Energia: quando non c'è solo Dio dietro le guerre di religione

- di: Diego Minuti
 
Oggi, davanti alla prospettiva, abbastanza concreta, che come Paese siamo destinati a pagare un prezzo altissimo alle tensioni geopolitiche (e mai il termine ''prezzo'' fu più aderente alla materia), è forse arrivato il momento di riconsiderare le nostre politiche nel campo dell'energia. Se oggi siamo a questo punto è anche perché le scelte fatte sono state spesso un tributo al contingente, non pensando agli scenari futuri.
Sulle tematiche energetiche si sono combattute battaglie, anzi guerre, che ci coinvolgono anche oggi, vista la situazione che stiamo attraversando e, soprattutto, quella che rischiamo di dovere affrontare in tempi nemmeno troppo lontani. Ma noi, come altri Paesi dal sangue latino, quando ci battiamo per qualcosa lo facciamo con animo e corpo, anche se talvolta la mente è ottenebrata da altro.

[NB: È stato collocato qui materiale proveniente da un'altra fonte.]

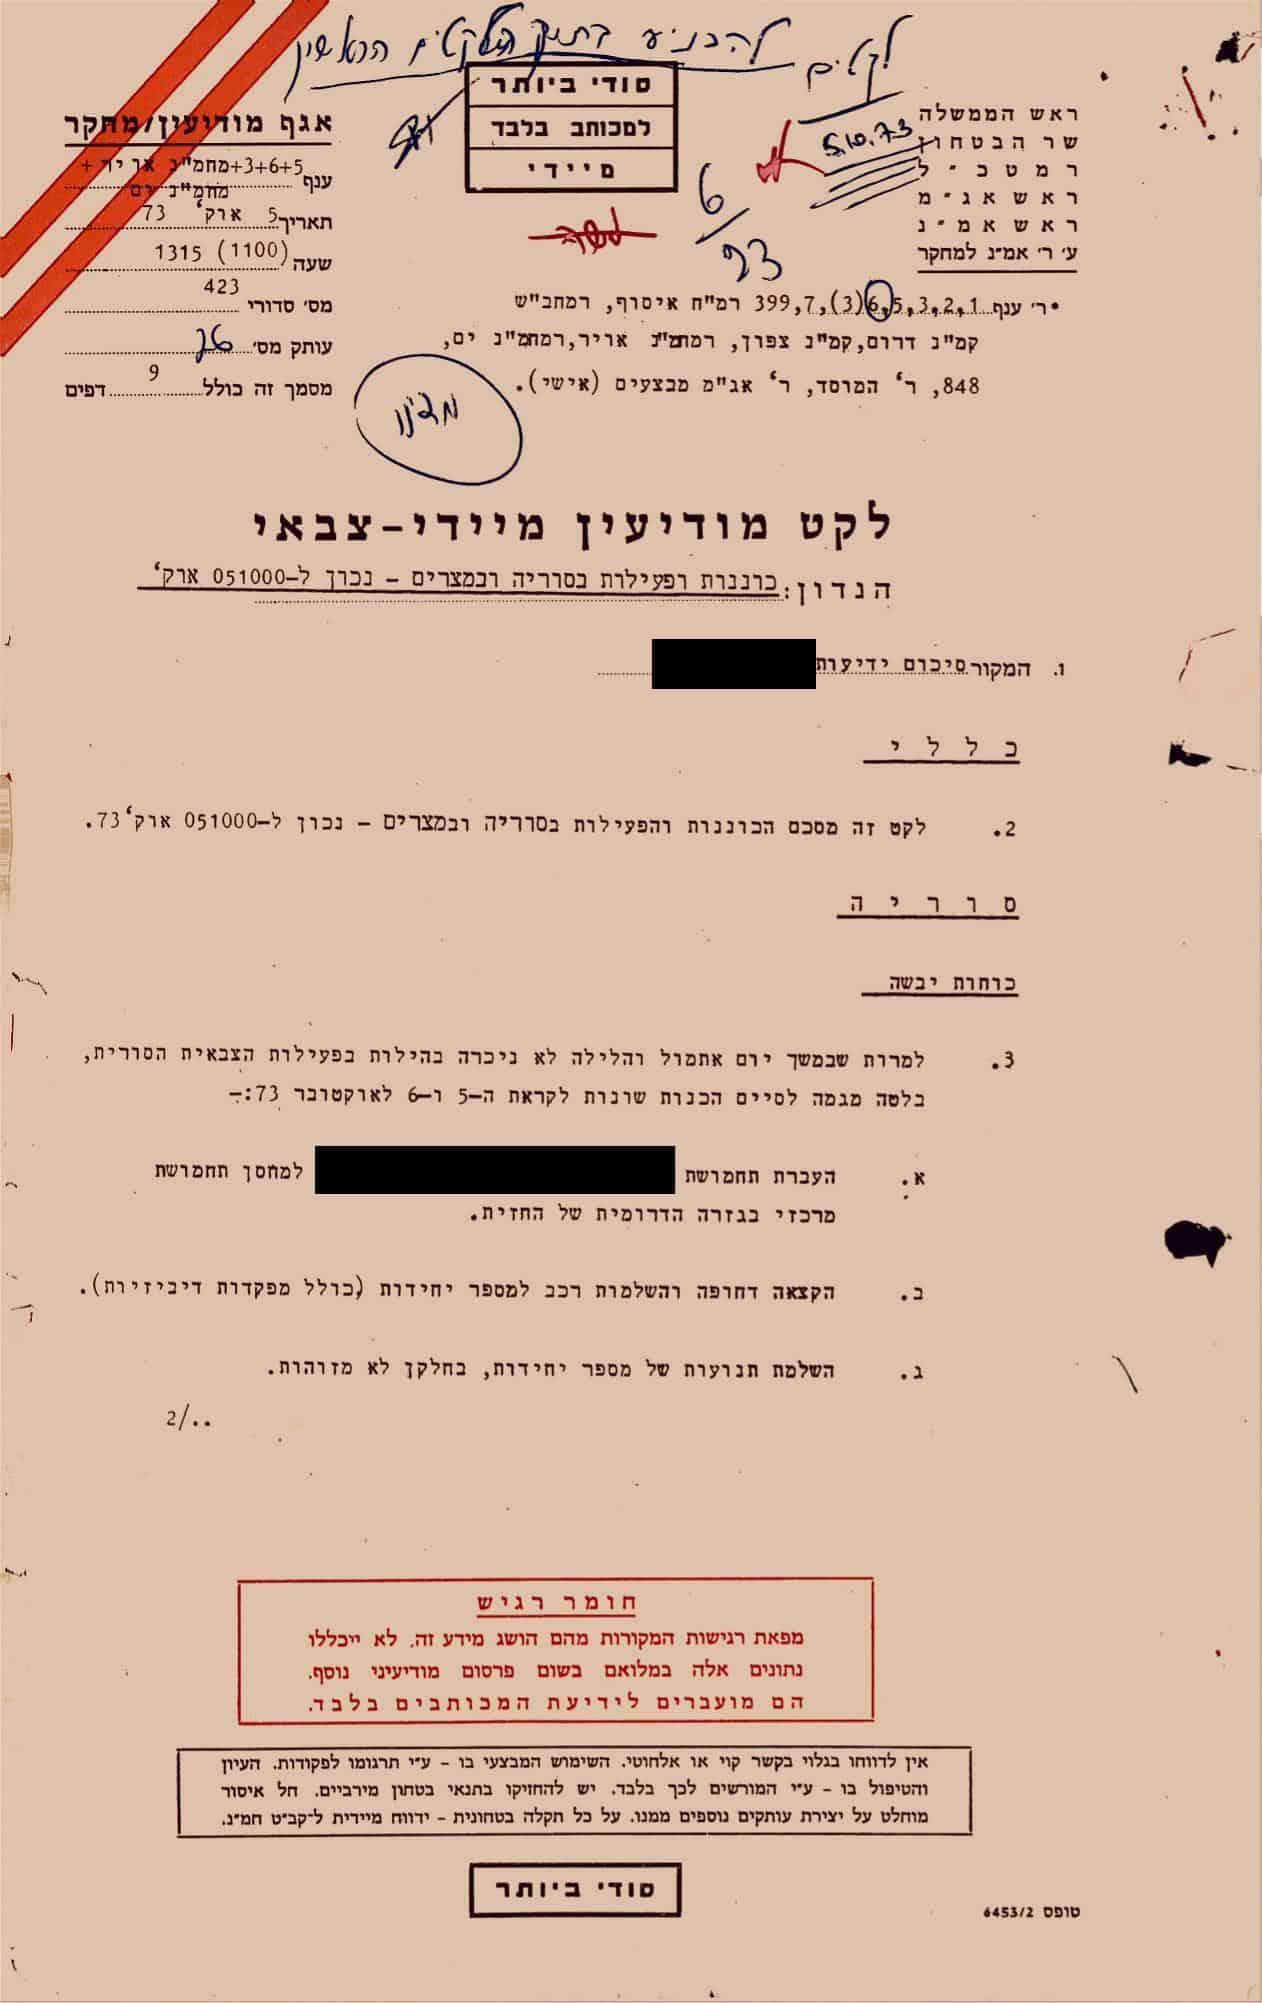 """העמוד הראשון של דוח המודיעין שניתן לרמטכ""""ל ולשר הביטחון יום לפני פריצתה של מלחמת יום כיפור, ב-5 באוקטובר 1973 (צילום: ארכיון משרד הביטחון)"""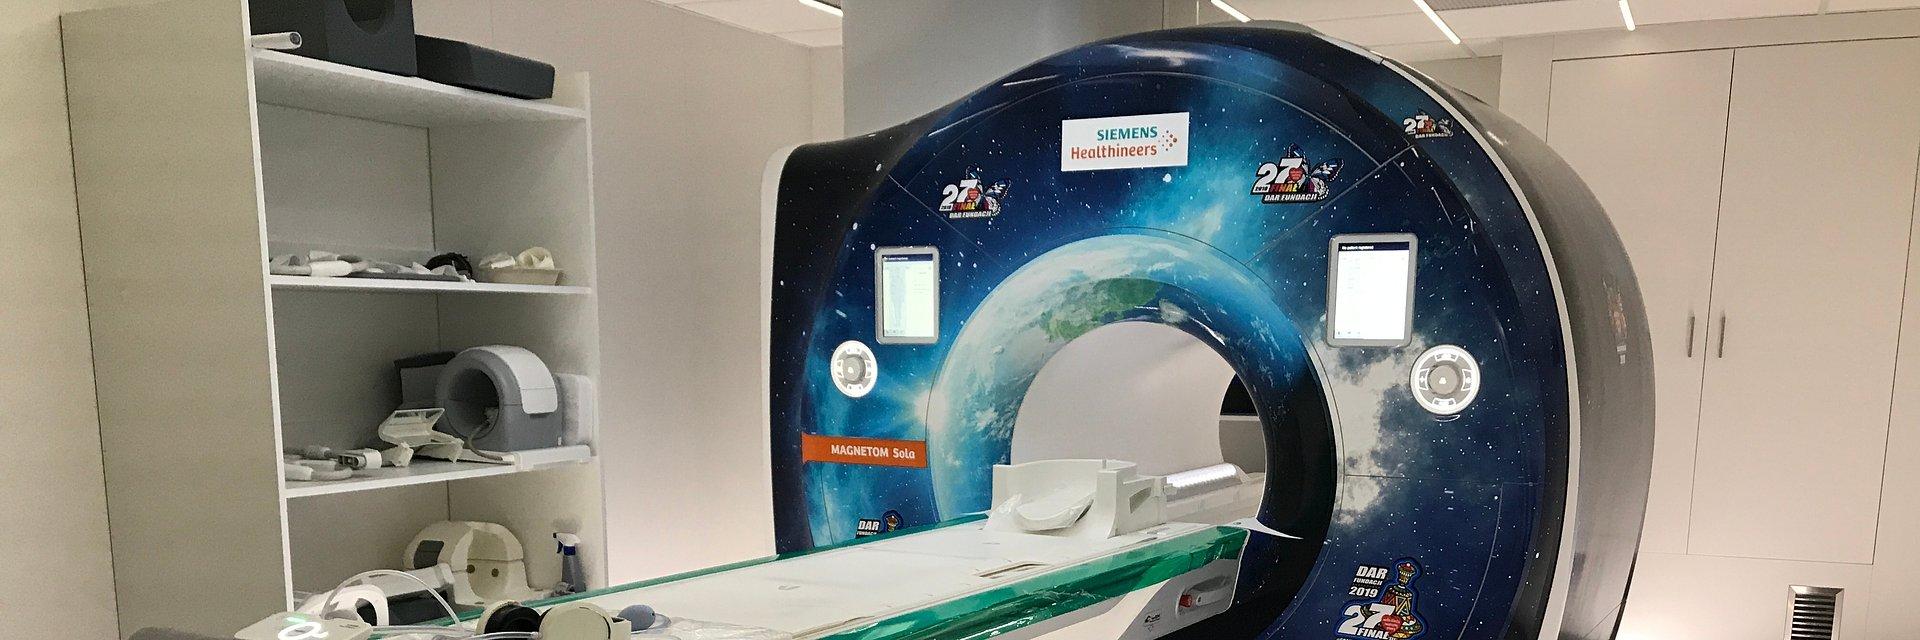 W Chorzowie już działa rezonans z serduszkiem!

Energia: quando non c'è solo Dio dietro le guerre di religione

In campo energetico oggi non siamo certo all'anno zero (visto quello che si è fatto nel settore delle rinnovabili), ma purtroppo non basta perché la nostra produzione non può coprire il fabbisogno, soprattutto ora che la macchina produttiva ha ripreso a marciare, facendo lievitare i consumi.
Eppure non si riesce a trovare un punto di convergenza tra le nostre esigenze di oggi e le decisioni prese in passato, che vengono considerate intoccabili, quando, quanto meno, si potrebbe riprendere a confrontarsi.
Siamo stati protagonisti o anche solo spettatori di crociate nel campo dell'energia.

In quelle ''vere'' la maggior parte dei crociati partiva con la convinzione di avere la missione di restituire i luoghi santi al cristianesimo sottraendoli agli ''usurpatori'' musulmani. Ma non era solo per celebrare Dio e per sostituire con la Croce la mezzaluna che campeggiava sugli edifici di Gerusalemme, in mano all'Islam, che in tanti partivano dall'Europa. Perché gli interessi commerciali che c'erano dietro alle Crociate erano enormi, come testimoniato dai ricchissimi forzieri degli ordini monastico-guerrieri.

Le nostre guerre di religione sono più complesse perché, quando sposiamo una tesi, la difendiamo anche davanti a tutte le evidenze, facendo sorgere il dubbio su quale ne sia la motivazione.
Il caso del gasdotto trans-adriatico (il Tap) continua a restare emblematico di come spesso l'interesse pubblico venga piegato alla volontà di minoranze che sostengono con forza le loro istanze anche quando si dimostrano sbagliate.

Sul Tap si sono combattute due distinte esigenze: quella di allentare la ''monodipendenza'' energetica del Paese (che la fa sottostare ai ricatti dell'unico fornitore di gas) e quella di cavalcare la stagione del risentimento popolare contro tutto ciò che veniva percepito come espressione delle strategie di una classe politica bollata come corrotta. Una determinata parte politica (i Cinque Stelle) è stata abile nel captare il malessere della gente, che nel caso del Tap è sembrato più condizionato da un afflato paesaggistico che ambientalista.

Un braccio di ferro che ha dilatato i tempi di realizzazione di un'opera che aveva come obiettivo primario quello di toglierci da collo il cappio di dovere sottostare ad un solo fornitore che, per questo, può dettare tempi e modi dell'arrivo del gas. Ma siccome nulla è immutabile sotto i cieli della politica, dopo avere intascato i voti di chi si opponeva strenuamente all'opera, oggi i Cinque Stelle la rivendicano come se fosse loro esclusivo merito.
Ed è stupefacente registrare le capriole che stanno facendo i grillini su quest'opera che era vista come il Male assoluto e che oggi viene vista come necessaria.